Some notes/observations:

• This seems to only happen on *.tf.json files, but not on *.tf files directly
• When adding "public_network_access_enabled": null, to network_rulesets, the error disappears (and the default of true will be used)
• The same happens for trusted_service_access_enabled and virtual_network_rule, which are both also optional, according to the documentation.
• In the original project, we use CDKTF to generate Terraform JSON from TypeScript, which is then applied on a remote TFE server. This is why we're bound to use JSON instead of HCL directly.
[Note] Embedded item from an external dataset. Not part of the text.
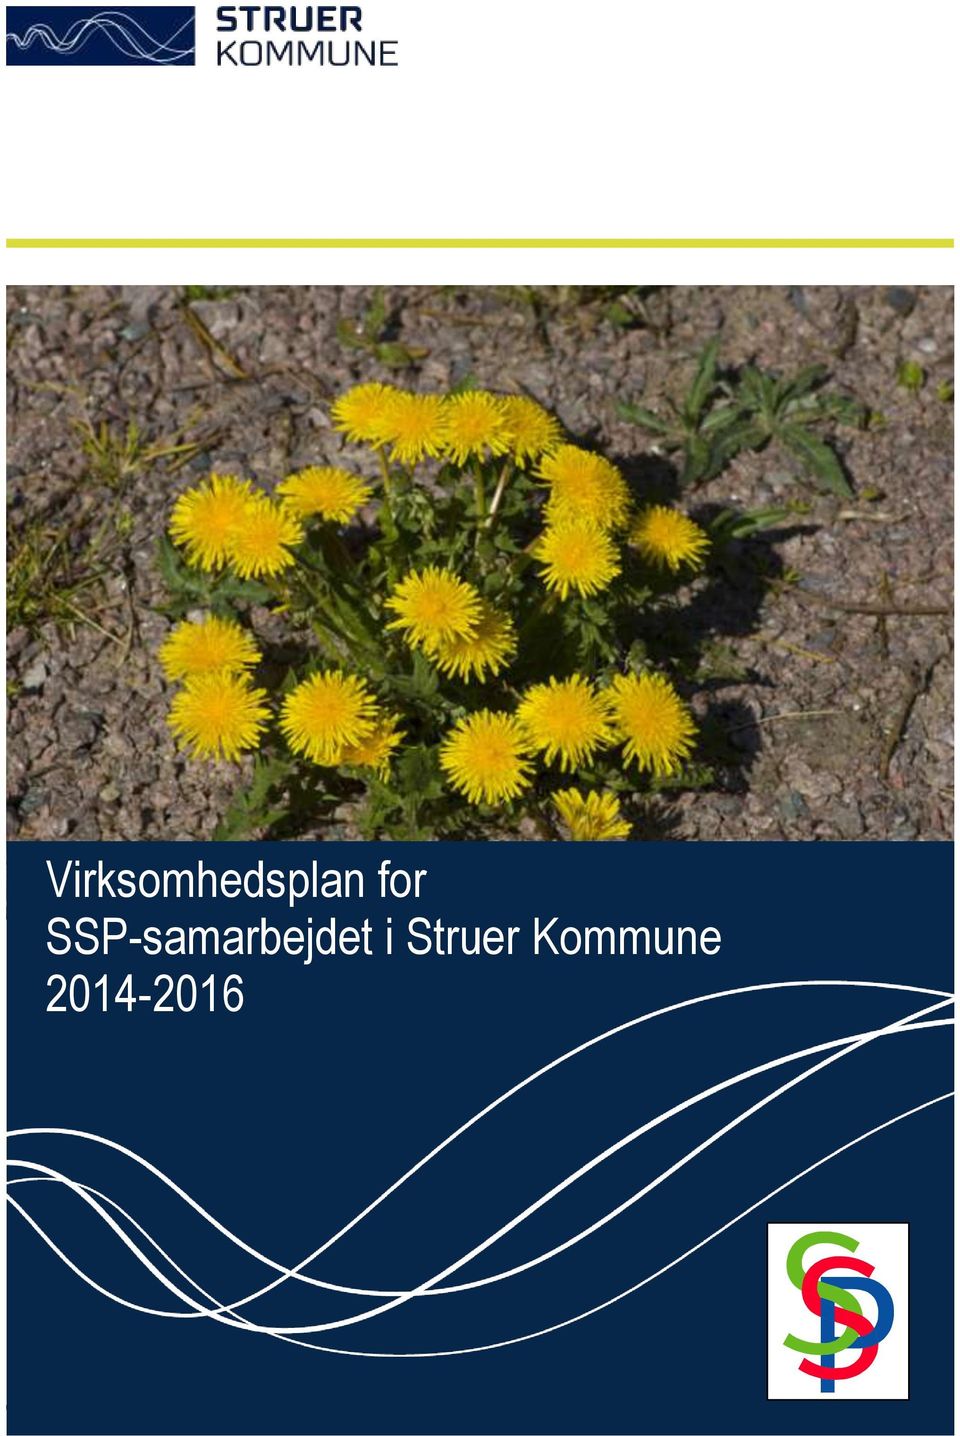 Kommune 2014-2016 TÆT PÅ
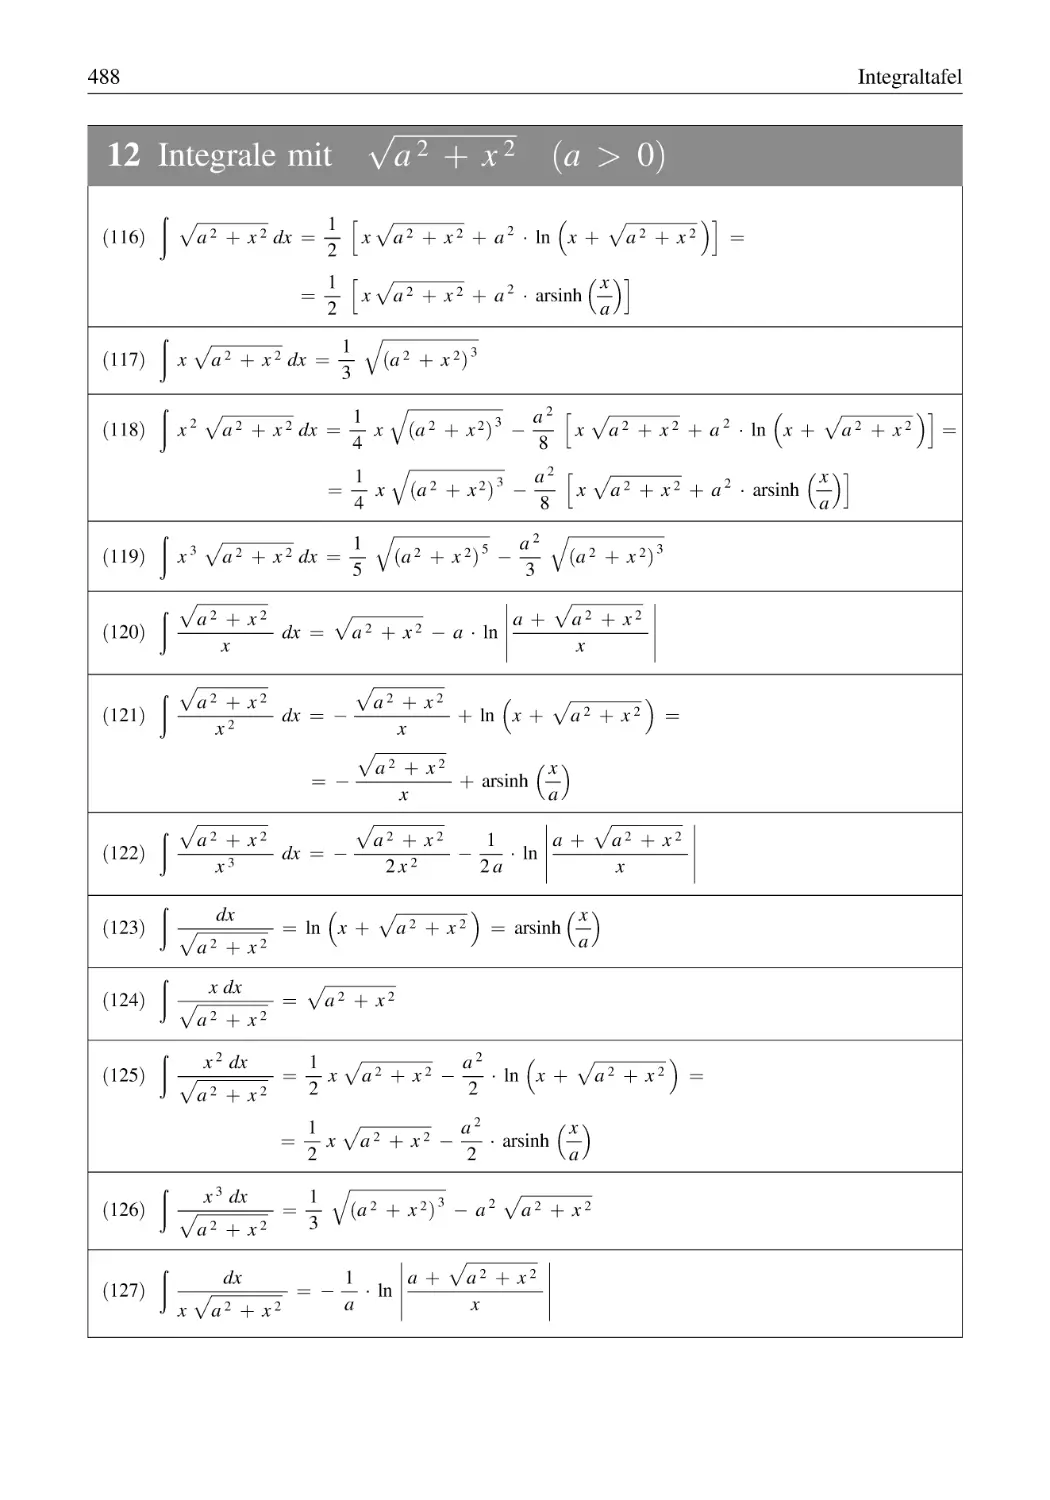 12 Integrale mit √a² + x² (a > 0)

And it's also the reason why trusted_service_access_enabled and virtual_network_rule are already set to null, because CDKTF automatically does that. If the error is correct and to be expected when using JSON and omitting optional properties, I'll rather raise an issue at the CDKTF provider to simply add "public_network_access_enabled": null when it's omitted in the TypeScript source code.

[sreekanth3107]

I am facing the same issue with latest version and i created a issues - 18485, followed with suggestions but still having same issues

[Gerrit-K]

@sreekanth3107 no I don't think your issue is connected to this one. Yes, it's the same property, but most likely it was just the wrong property name in your tf file. For me it works with a HCL (not JSON!) file and public_network_access_enabled.

[thrubovc]

this discrepancy between the documentation and azurerm provider behavior has been present since v3.21.0 edit: here's some HCL code from my eventhub_namespace resource

  network_rulesets = [
    {
      default_action                 = "Deny"
      trusted_service_access_enabled = false
      ip_rule                        = null
      virtual_network_rule           = null
    }
  ]

this is correctly configured according to the documentation, but as of v3.21.0, it no longer works. It works when I add public_network_access_enabled = null but that's not clear from the documentation. Or am I missing something?